A new insertion for Fragments of Fiction. This is tied into This Time and The Love Of My Life.
‘And still I dream he’ll come to me,
That we will live the years together,
But there are dreams that cannot be,
And there are storms we cannot weather!
I had a dream my life would be
So different from this hell I’m living,
So different now from what it seemed…
Now life has killed the dream I dreamed…”
I Dreamed a Dream- Les Miserables
Sometimes I reach into my chest, pull out my heart and drop it into the fire. And then while the flames attempt to consume I bite my lip, pound the table and punch the wall. The pain is excruciating but it is better to feel than to be empty and hollow.
I question the wisdom of sharing such thoughts here and hope that you understand why I write these words. I worry that you will misunderstand my intent and that this will cause you distress. That is not my intent or desire. But as you have heard me say so many times sometimes good intentions go astray.
It is not easy to walk the path that I find myself upon. It is filled with unseen hazards and challenges that I cannot always prepare for. There are creatures that live here in the dark that feed upon my insecurities and feast upon my doubt.
But if you know me as well as I think you do you understand that I was built to be the warrior and bred to be the knight protector. It is part and parcel of why I sometimes patrol the woods by your castle. I may not be able to see you now, but I can help to keep the wolves, brigands and roustabouts from making their homes near yours.
Such are the dreams of a man who wishes to be your hero. Ah, but some of this sounds so silly, so foolish and so melodramatic. Maybe it is more appropriate to say that I have clothed myself in hysteria and over blown drama.
Or maybe not. Maybe it is fair to share some things, to tell you that there are moments where I am certain you are around and nights where you take center stage in my dreams. I remember a conversation about dreams. I remember telling you in graphic detail about where we were and what we did. I remember the smile on your face.
The lights flicker and the scenes change. We are somewhere else and the intimacy has changed. You tell me that you can’t understand why I am so in love with you and worry that when age catches up with you I will lose interest. I do my best to assuage your concern but I am not sure that you accept it.
I know that look- the skepticism in your eyes speaks volumes. You want to accept and believe but your faith has been shaken and you are uncertain. I don’t know how to overcome that. I am unsure how to convince you that I mean what I say. I take your hand and put it over my heart- tell you to feel that beat and ask you to recognize the meaning behind it.
Don’t know if it worked- maybe it didn’t because you are there and I am here and that means we are not together. Or maybe it just refers to the physical. You told me that we are inextricably linked and it is hard not to believe that.
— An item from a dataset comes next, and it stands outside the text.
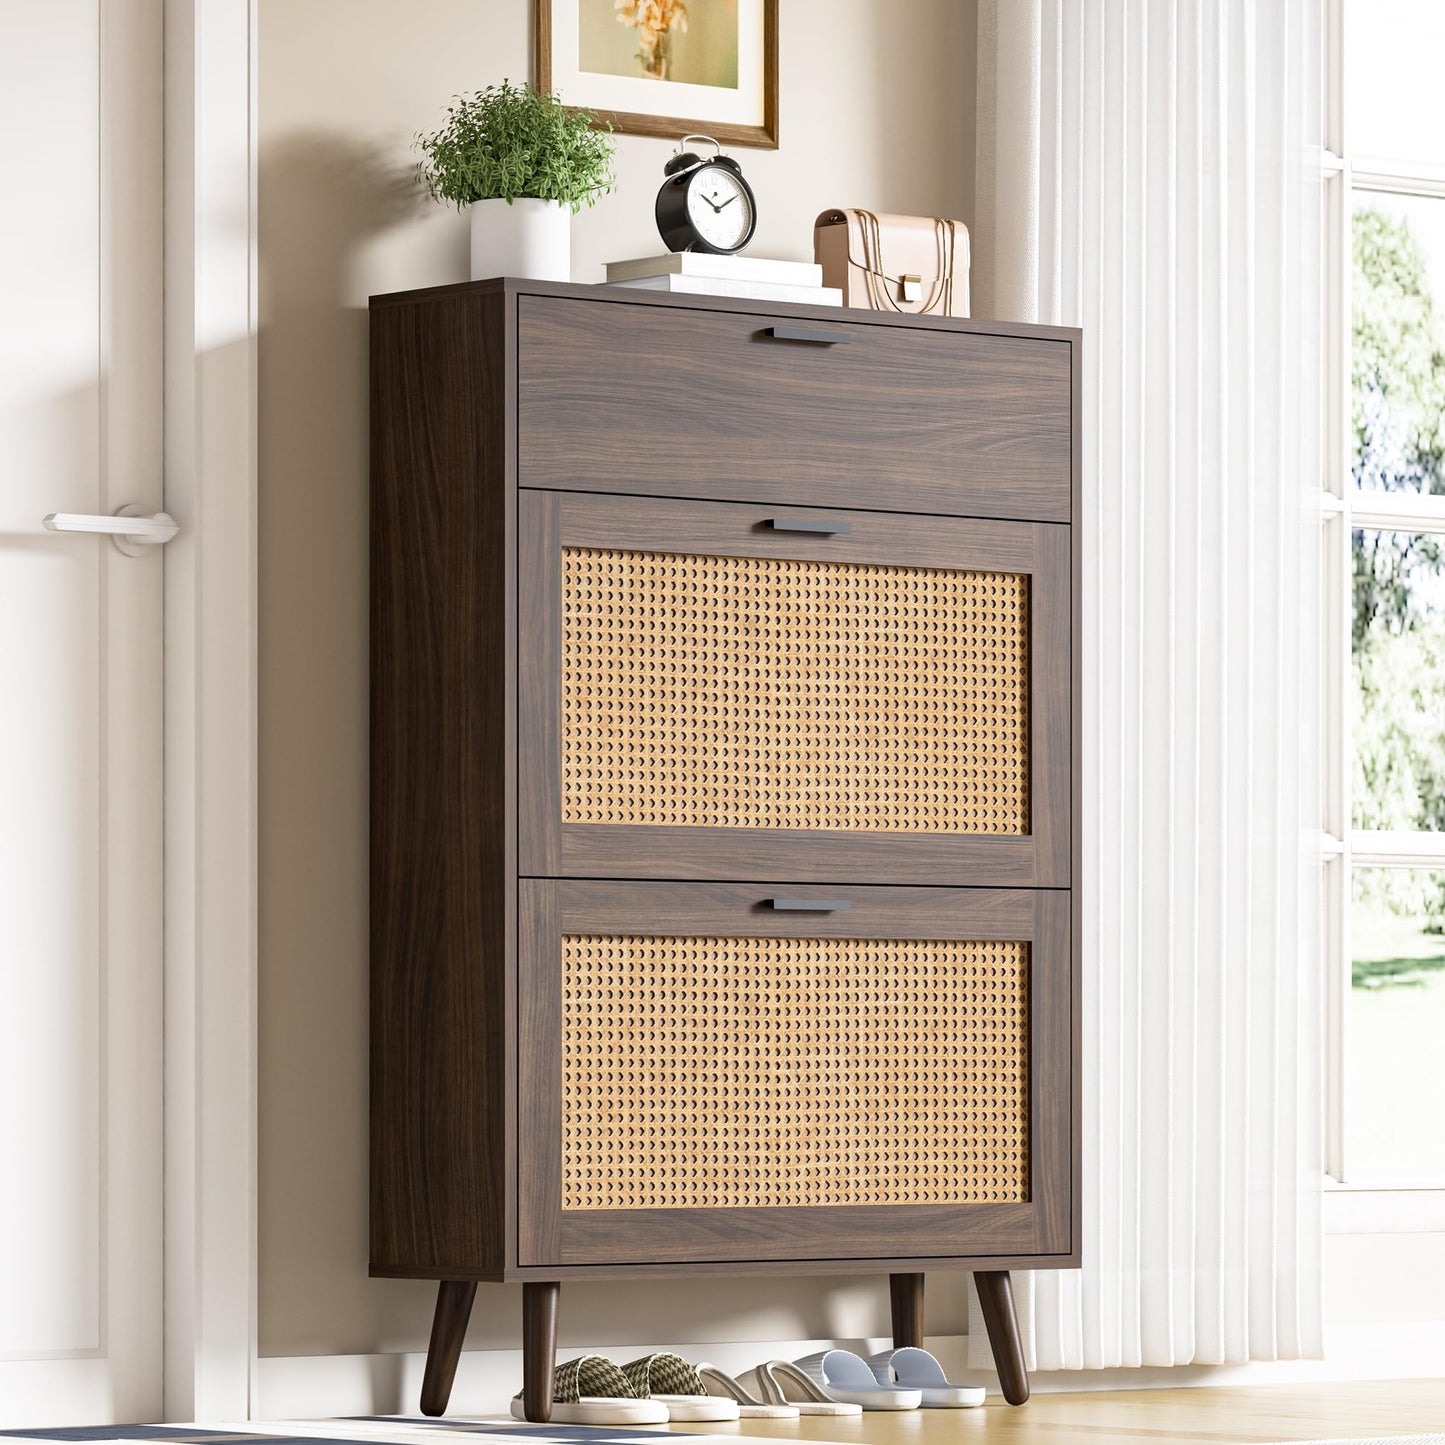 Shoe Cabinet Storage for Entryway, Narrow Shoe Cabinet with 2 Flip Drawers and Hidden Cabinet, Rattan Shoe Cabinet for Entryway, Hallway, Entrance,

You spent an hour or so hanging out in a place you don’t frequent often but one that I do. I saw you there. Caught your profile with the red dress and instantly recognized you. You looked stunning. It took an enormous amount of discipline not to come pull you into my arms.
But I wasn’t convinced that you were ready or wanted that. I don’t completely trust my heart. I fear that it tells me what I want to hear and not what is real. But then again I know that matters of love are not based upon logic or rational thought. Nor should they be- sometimes you have to jump into the storm and ride the wind.
I blame you for that. It is one of the many lessons I learned from you. It is part of why you still appear in my dreams and why I remember what it was like to kiss your lips. I am not really sure what it is I am supposed to do. Don’t know what path I am to take or where the road leads.
All I know is that I still wish for you to come live with me and be my love. Come dance with me in the rain and under the moonlit sky. Walk through our kingdom and let me do what I do best, love you.